Exercise description - Give the data again exactly, without its images.

Information shown -
═══

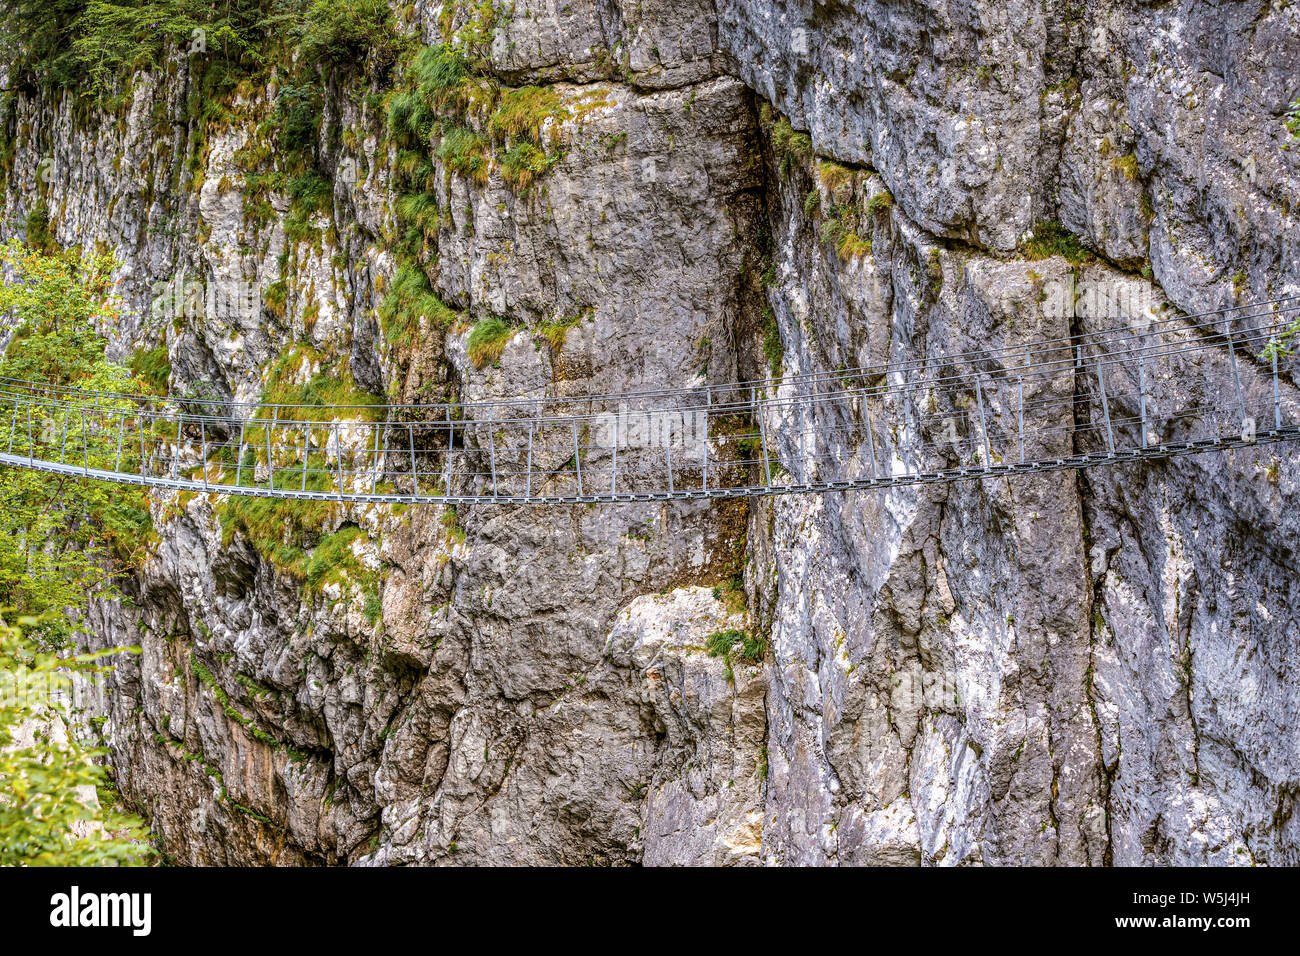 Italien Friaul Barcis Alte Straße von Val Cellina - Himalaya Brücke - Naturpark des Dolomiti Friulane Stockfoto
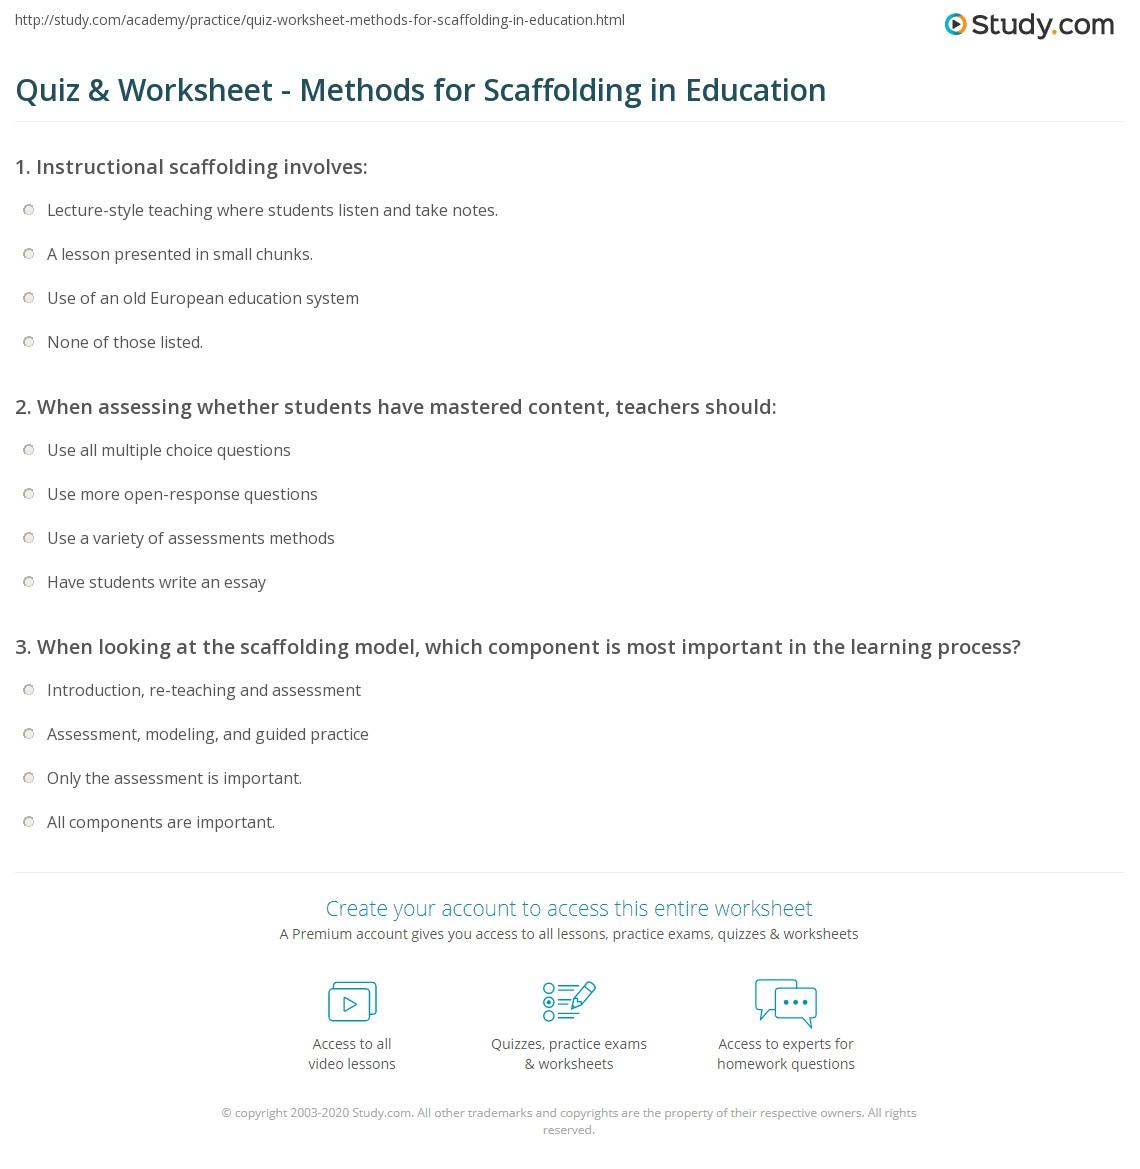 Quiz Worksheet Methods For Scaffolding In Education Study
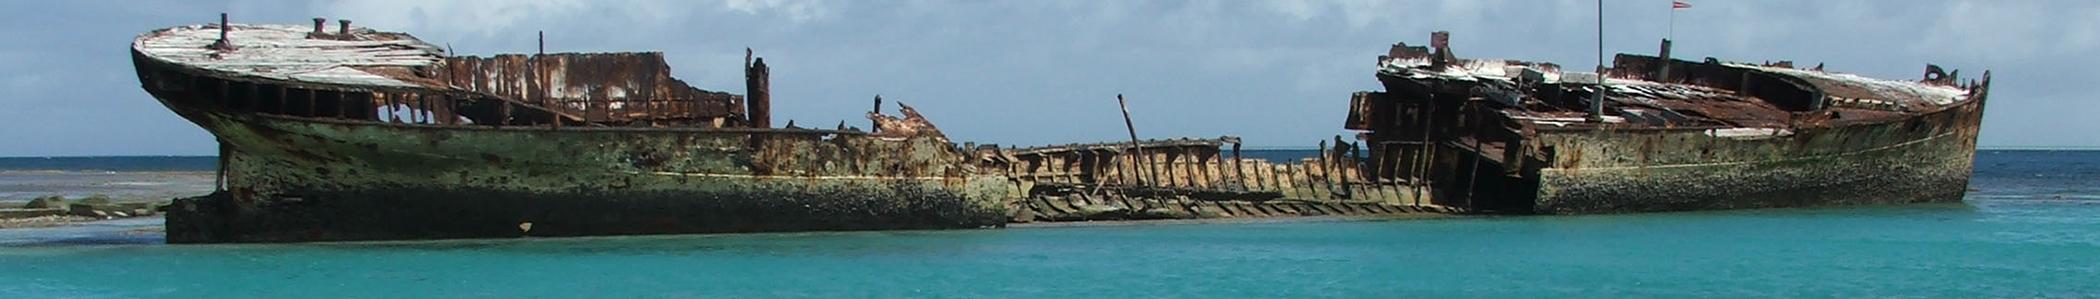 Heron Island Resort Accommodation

═══

The answer -
 Italien Friaul Barcis Alte Straße von Val Cellina - Himalaya Brücke - Naturpark des Dolomiti Friulane Stockfoto
 Quiz Worksheet Methods For Scaffolding In Education Study
 Heron Island Resort Accommodation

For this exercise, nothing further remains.